JAKARTA, Fraksigerindra.id – Anggota Komisi XII DPR RI, Rokhmat Ardiyan, menegaskan bahwa Dewan Energi Nasional (DEN) memegang peran sangat penting dalam menjalankan Peraturan Pemerintah Nomor 40 Tahun 2025 tentang Kebijakan Energi Nasional. Ia menilai kebijakan energi harus diarahkan untuk mewujudkan kedaulatan energi yang adil, merata, serta benar-benar membawa kesejahteraan bagi rakyat.

Dalam rapat bersama Sekretaris Jenderal Dewan Energi Nasional di Senayan pada Rabu (12/11/2025), Rokhmat menyampaikan bahwa DEN harus mendukung penuh Kementerian Energi dan Sumber Daya Mineral dalam semua langkah strategis, khususnya yang terkait pengembangan energi baru dan terbarukan.

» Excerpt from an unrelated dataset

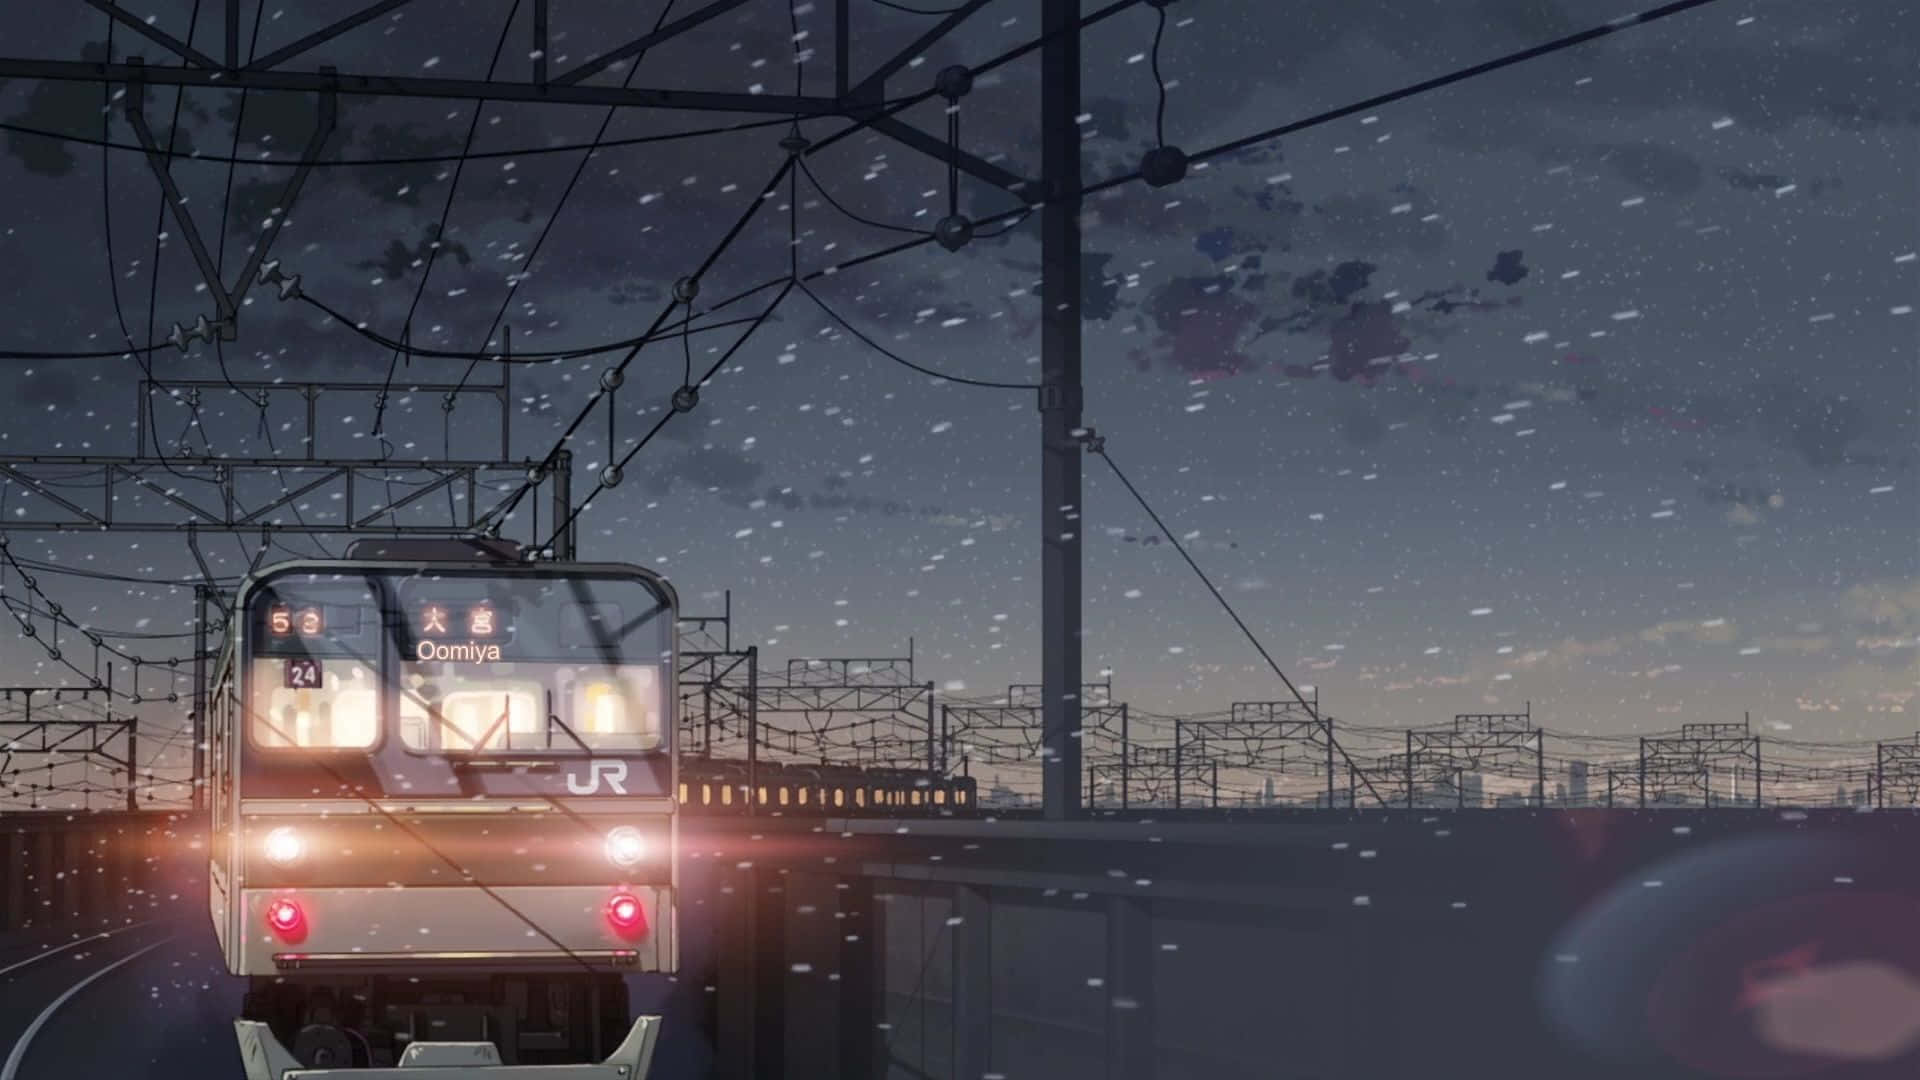 A Creative Image Of Makoto Shinkai, The Inspirational Animator

Ia menekankan bahwa arah kebijakan energi harus sejalan dengan visi Presiden Prabowo Subianto dalam memaksimalkan potensi sumber daya alam untuk kesejahteraan nasional. Target pertumbuhan ekonomi 6-7% pada 2026 hingga 8 persen pada 2029, menurutnya, hanya dapat tercapai jika sektor energi kuat, berkelanjutan, dan modern.

Rokhmat juga menyampaikan bahwa kebijakan energi tidak boleh dipersempit sebagai urusan teknis semata. Ia mendorong DEN lebih aktif memberikan pemahaman kepada masyarakat mengenai manfaat transisi energi, termasuk potensi pengolahan sampah menjadi listrik melalui investasi swasta.

Ia menyoroti tingginya ketergantungan Pulau Jawa pada pembangkit listrik berbahan bakar batu bara, dan mendorong percepatan pemanfaatan energi panas bumi. Menurut Rokhmat, pengembangan panas bumi di berbagai wilayah seperti Gunung Rinjani, Slamet, Semeru, Ciremai, hingga Salak harus disertai mekanisme bagi hasil yang menguntungkan daerah penghasil.

Selain itu, ia menekankan potensi besar energi terbarukan lainnya seperti tenaga surya di gedung dan danau, serta tenaga angin di wilayah selatan Jawa dari Pangandaran hingga Banyuwangi. Diversifikasi energi ini dinilai penting untuk mewujudkan kedaulatan energi sekaligus membuka peluang ekspor energi bersih.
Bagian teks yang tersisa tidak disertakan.